If approved, the program could be operational by late 2024.

Techopedia Explains

The FCC’s proposal is part of the United States National Cybersecurity Strategy Implementation and is being overseen by the country’s National Security Council.

Currently, the proposal is inviting public input on matters such as:

  • The range of devices or products available in the U.S. eligible for inclusion in the labeling program;
  • The formulation of security standards applicable to different types of IoT devices or products;
  • Methods for demonstrating compliance with these security standards;
  • The entity responsible for overseeing and managing the program;
  • Safeguarding the cybersecurity label against unauthorized use;
  • Educating consumers about the program.

Consumer Benefits of the Program

It’s expected that compliant smart devices will be able to display the U.S. Cyber Trust Mark logo on packaging alongside a QR code that points to a national registry of certified devices. The national registry will allow consumers to access the most current security information about the product they are thinking of buying and compare the information to that of similar products.

Tech giants like Amazon, Google, LG Electronics, Logitech, and Samsung Electronics have already pledged their support for the U.S. Cyber Trust Mark, which will appear on approved products as a distinct shield logo.

US Cyber Trust Mark Logo

The FCC anticipates that as consumer demand for trustworthy smart products continues to grow, an increasing number of manufacturers will voluntarily participate in the program to demonstrate their commitment to privacy, confidentiality, and security.

Importance of  the U.S. Cyber Trust Mark Program

According to Deloitte, U.S. households had an average of 22 connected IoT devices in 2022. These products offer immense benefits, but they also pose a variety of security challenges due to poor design and/or outdated software.

Insecure IoT devices are an attractive target for cybercriminals because they can be used to gain network access that allows the intruder to conduct a lateral attack. Breaches in consumer IoT systems can have severe consequences, ranging from privacy violations to theft – and even physical harm in critical sectors like healthcare.

SonicWall Capture Labs threat researchers recorded 112.3 million instances of IoT malware in 2022, an 87% increase over 2021. At the same time, the number of smart devices is still rising, with projections suggesting there will be more than 25 billion connected devices in operation by 2030.

The absence of universal security standards for IoT devices has led to inconsistencies in security practices, which makes it challenging for consumers to make informed purchasing choices.

To mitigate the security challenges, it is crucial for manufacturers, governments, and consumers to prioritize IoT security.

Eligible Smart Device Products

It’s expected that a broad spectrum of consumer smart products will be eligible for the Trust Mark, including:

Requirements for Certification

The requirements for certification for the U.S. Cyber Trust Mark are still being developed, but they are expected to address the following concerns:

  • Unique and strong default passwords: Devices must have unique and strong password defaults that cannot be easily guessed or cracked.
  • Data protection: Devices must protect data from unauthorized access, use, disclosure, disruption, modification, or destruction.
  • Software updates: Devices must be able to receive software and firmware updates to fix security vulnerabilities.
  • Incident detection capabilities: Devices must have the ability to autonomously detect and report security incidents.
  • Secure development: Devices must be developed using secure coding best practices.
  • Secure supply chain: Devices must be sourced from secure suppliers.
  • End-of-life management: Devices must be properly disposed of at the end of their life cycle to prevent security vulnerabilities from being exploited.

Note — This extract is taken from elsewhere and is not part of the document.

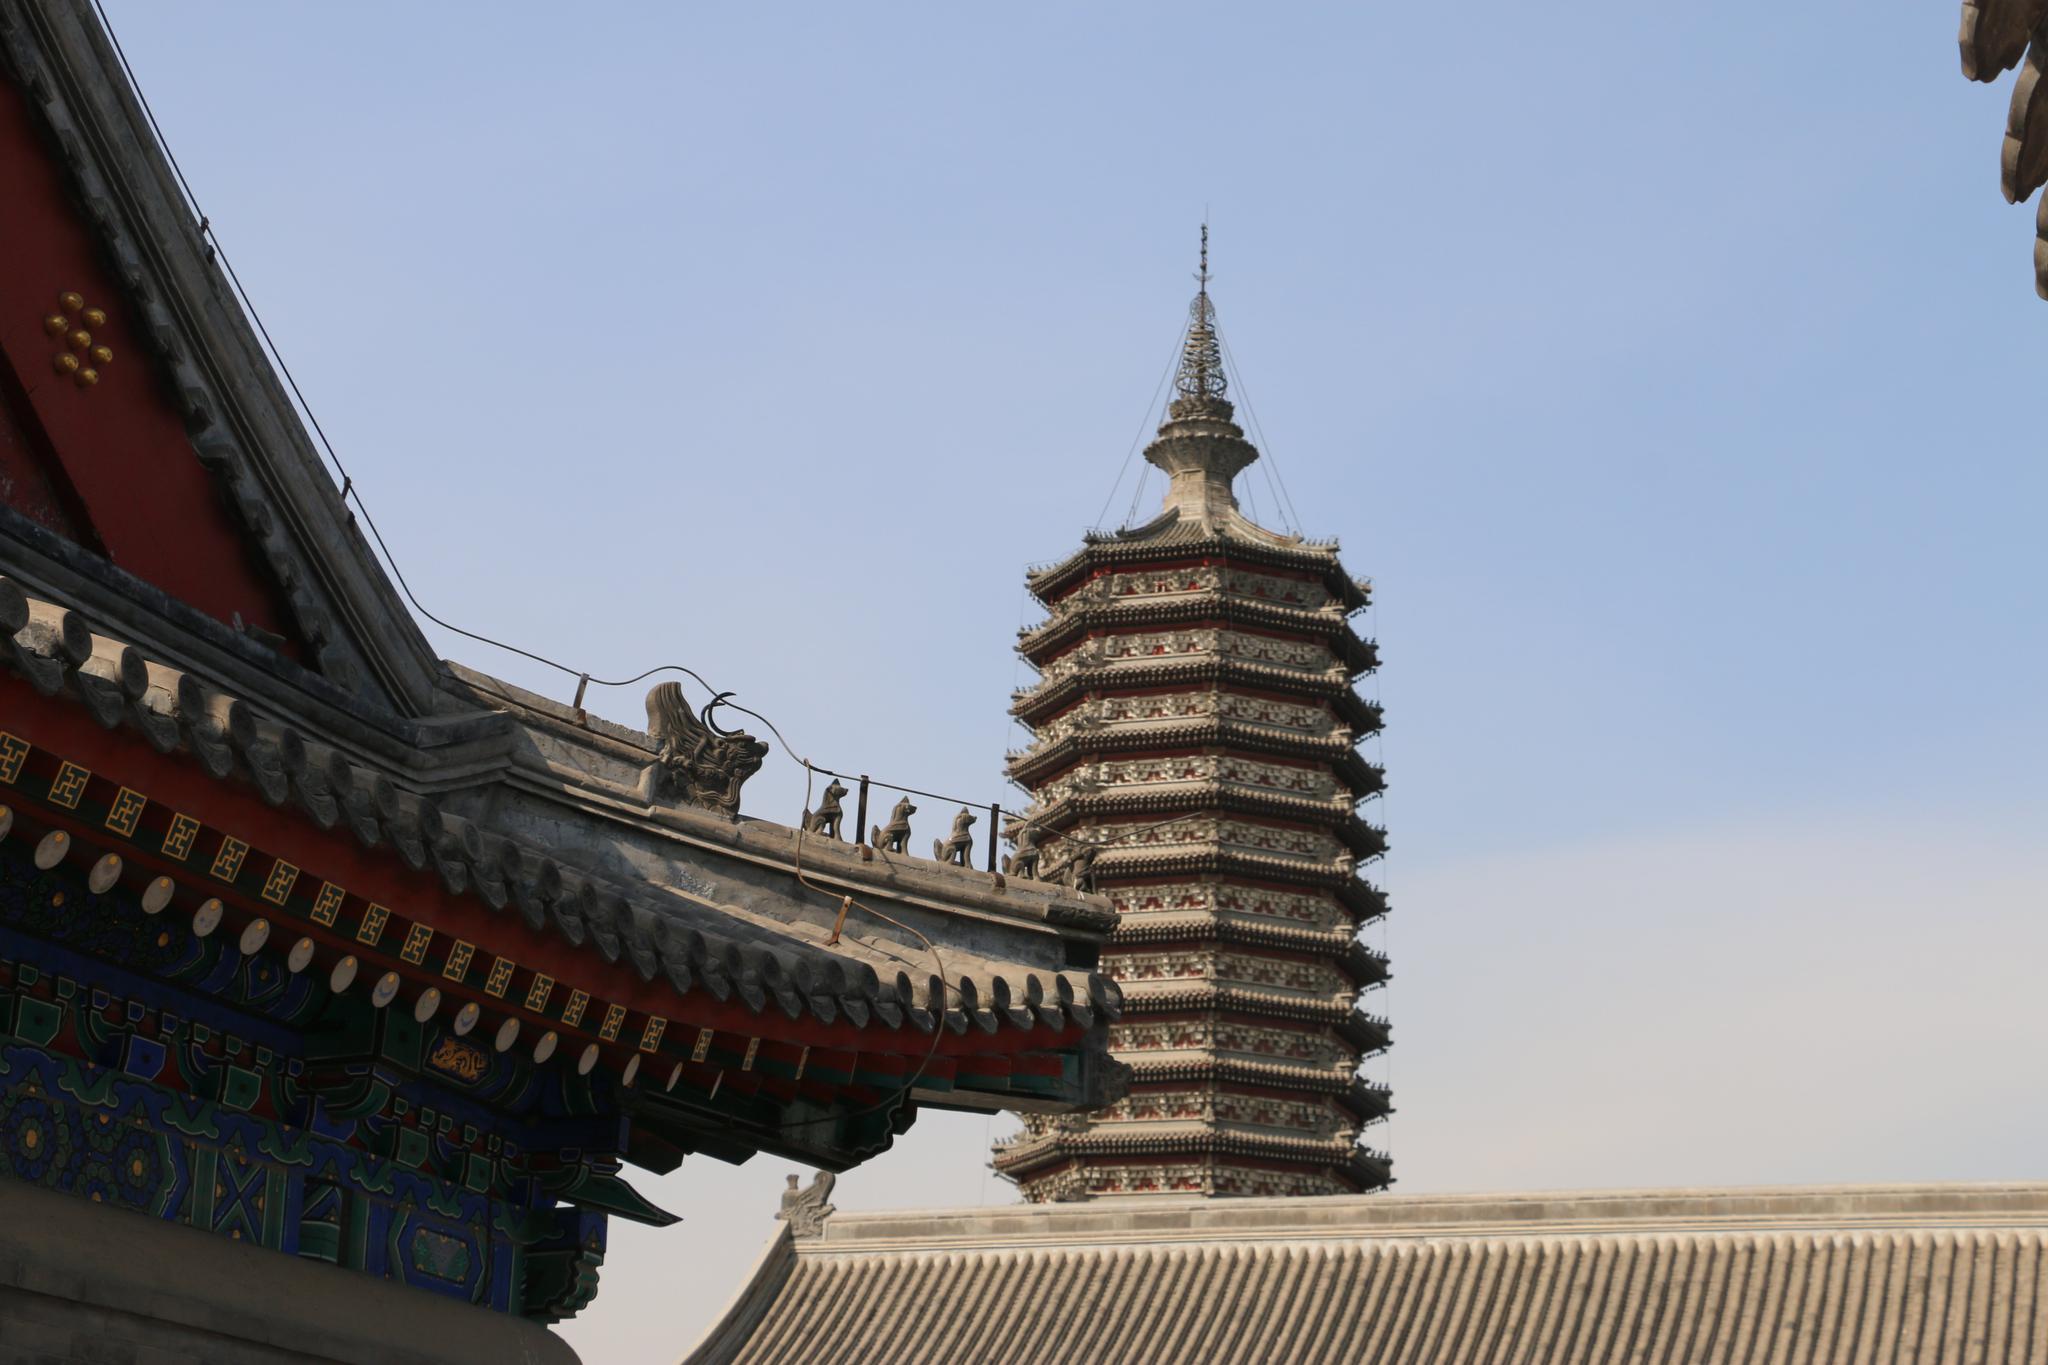 秋游 北京市 通州区 燃灯佛舍利塔 被称为一枝塔影认通州

The FCC’s call for input indicates that specific requirements for certification may vary, depending on the type of device. For example, wireless devices that process sensitive data, like wireless home routers, may have more stringent requirements than devices that do not.

U.S. Cyber Trust Mark and NIST

The FCC’s proposal for a labeling system, which is outlined in this Notice of Proposed Rulemaking, relies on standards developed by the National Institute of Standards and Technology (NIST). It is expected to build upon existing efforts within the public and private sectors to address cybersecurity and labeling concerns in smart devices, including:

Other IoT Security Standards

The United States is not the only country that is encouraging IoT device manufacturers to make IoT device security a priority.  Different countries and international organizations around the world have been working on IoT security standards to safeguard the integrity and privacy of IoT systems. Initiatives include:

European Union
The proposed European Union’s Cyber Resilience Act aims to address the lack of cybersecurity in consumer IoT products, as well as a lack of updates or patches to address vulnerabilities. Unlike the voluntary guidance proposed by the United States, the Cyber Resilience Act allows for large fines and penalties for violators, and it specifies that products failing to meet the Act’s outlined safety requirements will not be permitted to go to market.

United Kingdom
The Product Security and Telecommunications Infrastructure Act of 2022 (PSTIA) helps make sure that consumer IoT devices are more secure against threats by banning default passwords and stipulating that manufacturers disclose how long they plan to offer product security updates.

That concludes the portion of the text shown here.